LMMI2018 Keynote Speakers: Dr. Emily Woster, Dr. Elizabeth Epperly, Dr. Catherine Sheldrick Ross, Dr. Margaret Mackey

From the very first moments, the quality of the L.M. Montgomery Institute Conference was clear. The first lecture, by past UPEI President Dr. Elizabeth Epperly, sent me reeling. Warmly called the “Betsy Talk,” Betsy Epperly’s mentorship of emerging scholars and her incisive scholarship are well known. Her talk was entitled “Reading Time: L.M. Montgomery and the ‘Alembic of Fiction.’” “Alembic” is a rich metaphor I haven’t considered, but it was the ambiguity of the title, “reading time,” that drew me in so completely. And in a way, I never recovered from this lecture. Not because Prof.
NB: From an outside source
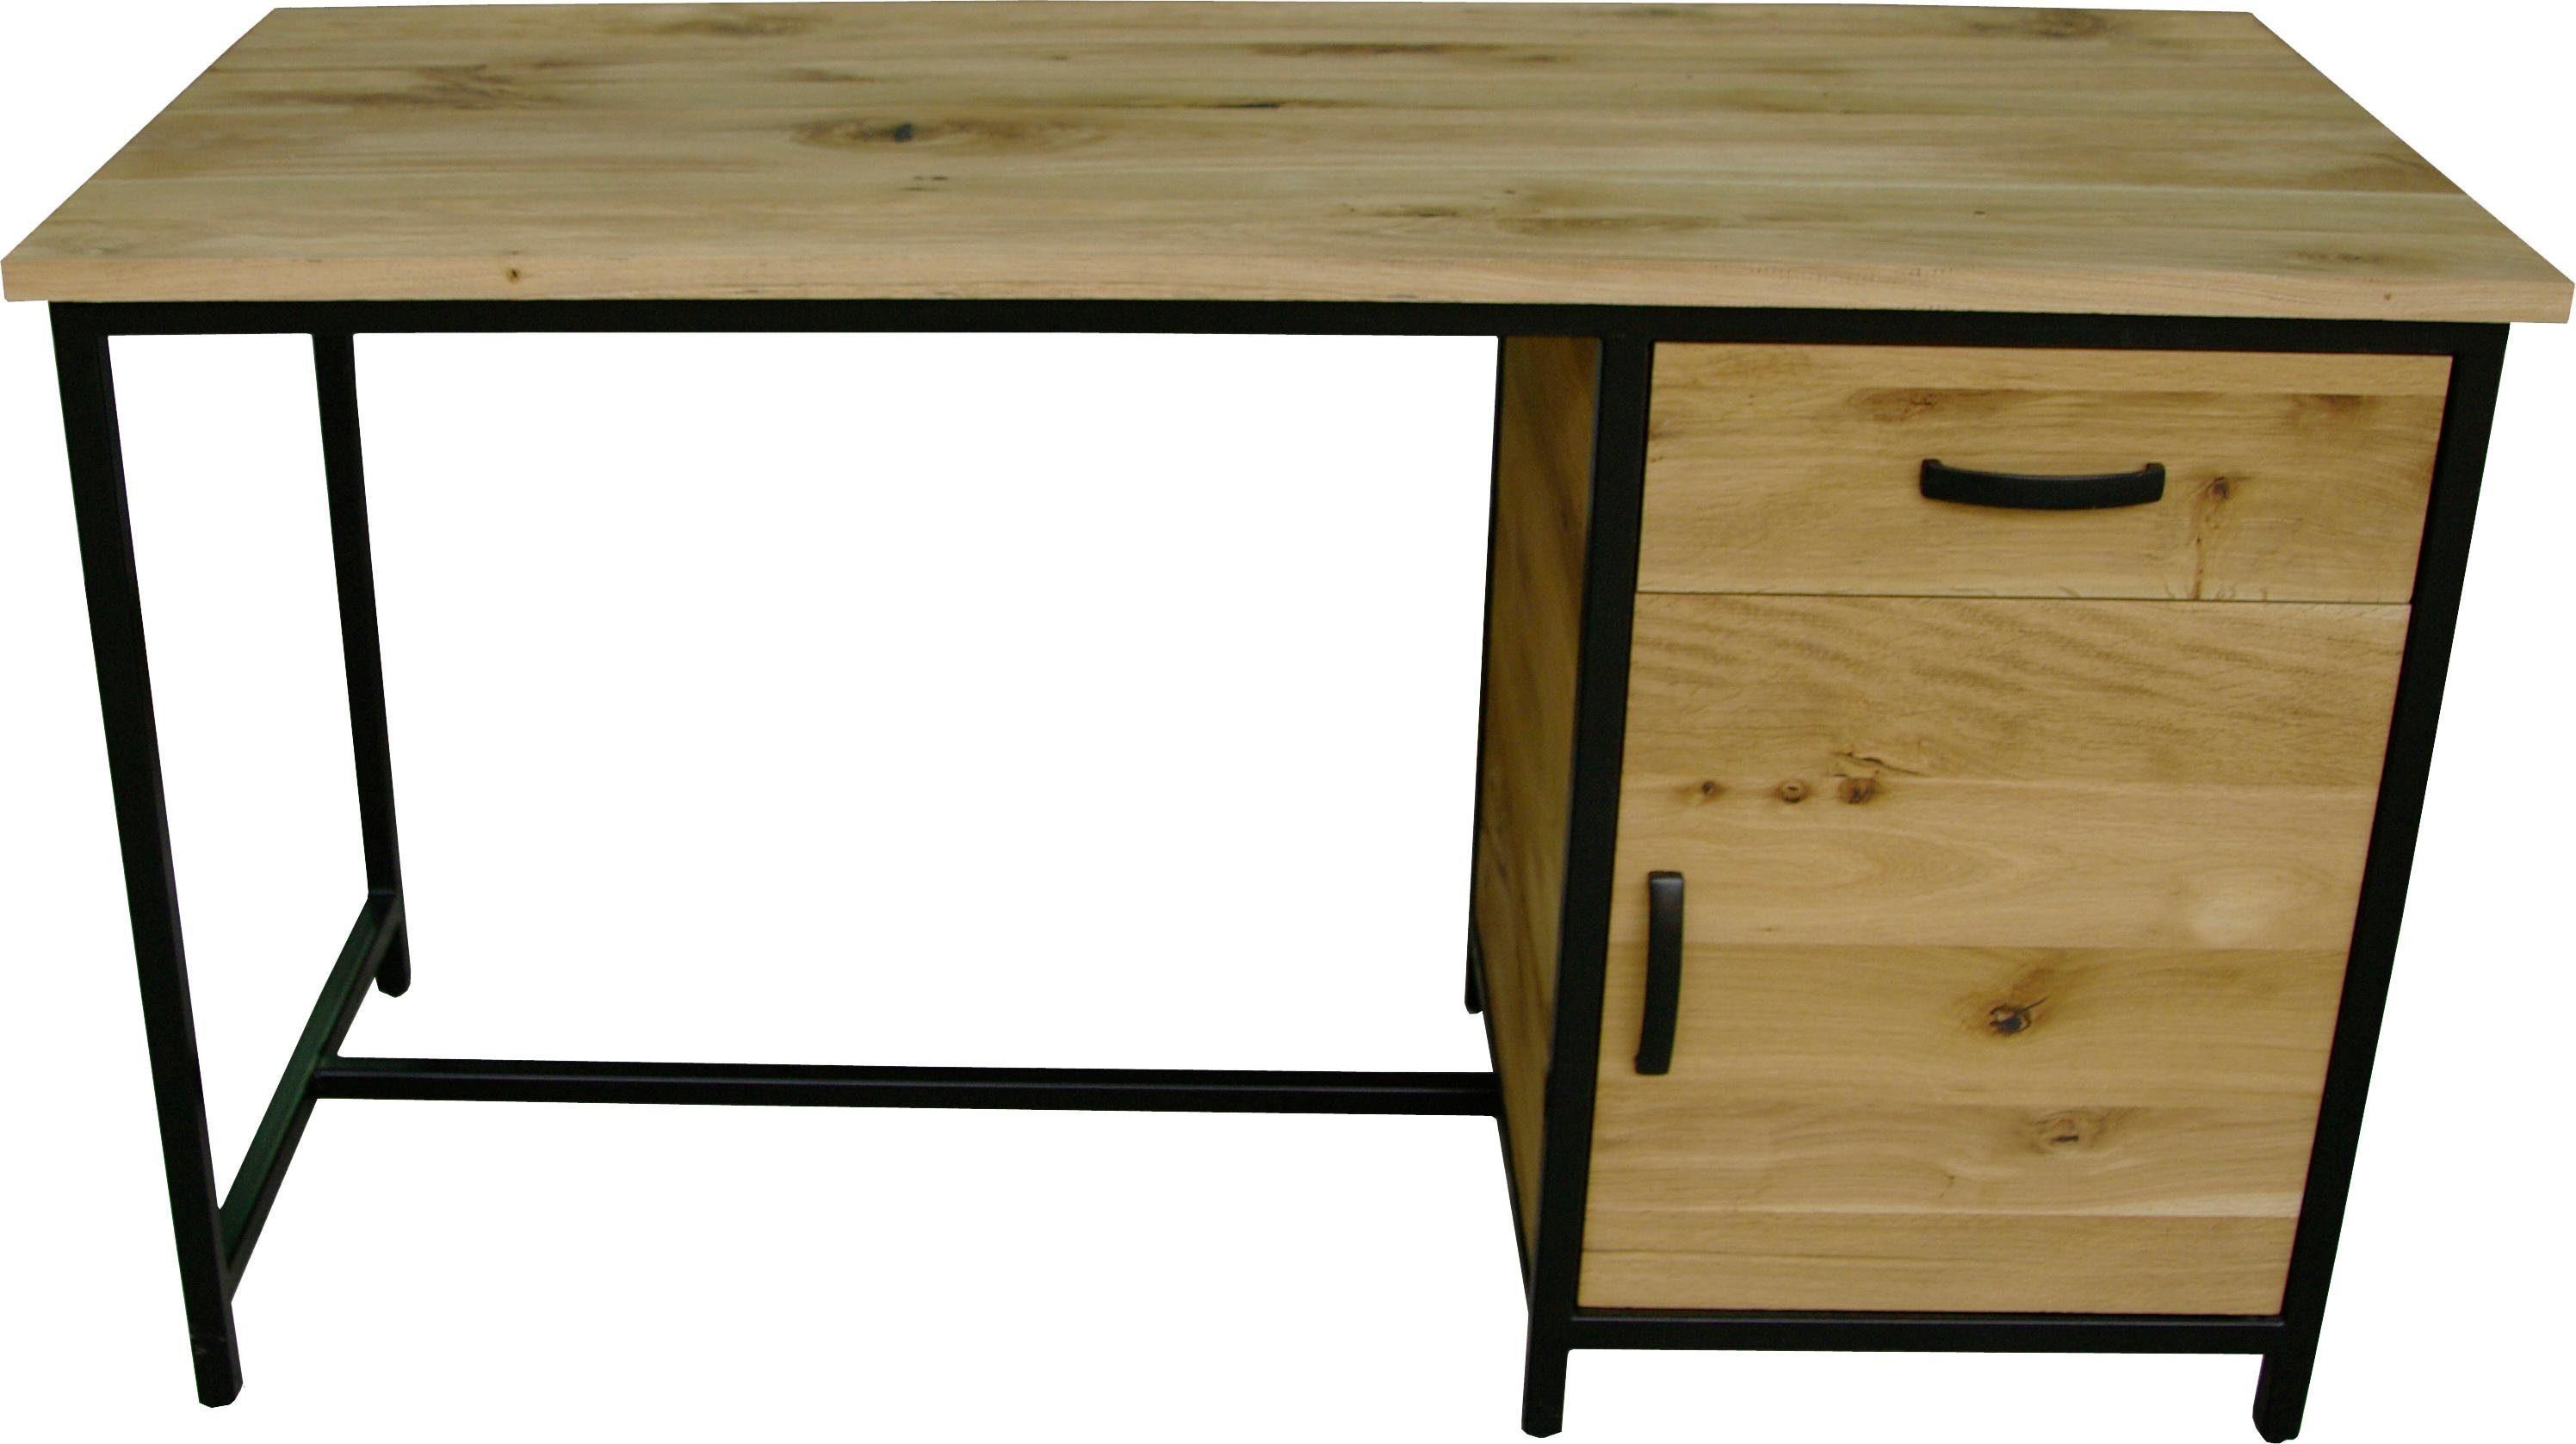 Premium Collection by Home affaire Schreibtisch »Sphinx« in industriellem Design aus Massivholz, Breite 140 cm

Epperly’s talk dominated my mind to the exception of all else, but because talk after talk, paper after paper, experience after experience, I was challenged, drawn in, lifted up, and invited along by other readers of L.M. Montgomery.

And so the adventure continued through to the last morning of the conference. I was perhaps drawn most to conversations about intertextuality–how stories, books, and authors read other stories, books, and authors. There were parallels between Montgomery and Madeleine L’Engle (by Heidi Lawrence), Flora Klickmann (Jenny Litster), Olive Schreiner (Idette Noomé), Elizabeth Barrett Browning (Mary McCulley), Rebecca Solnit (Tara Parmiter), Japanese manga (Yukari Yoshihara, Chieko Osawa, and Keiko Karube), and Anne Shirley as a Female Quixote (Julie A. Sellars). Some of this intertextual exploration worked out in sophisticated ways in several papers about Anne in Scandinavia and Japan. And there were references to Jane Eyre and Middlemarch not just in specific paper presentations, but in references throughout the weekend.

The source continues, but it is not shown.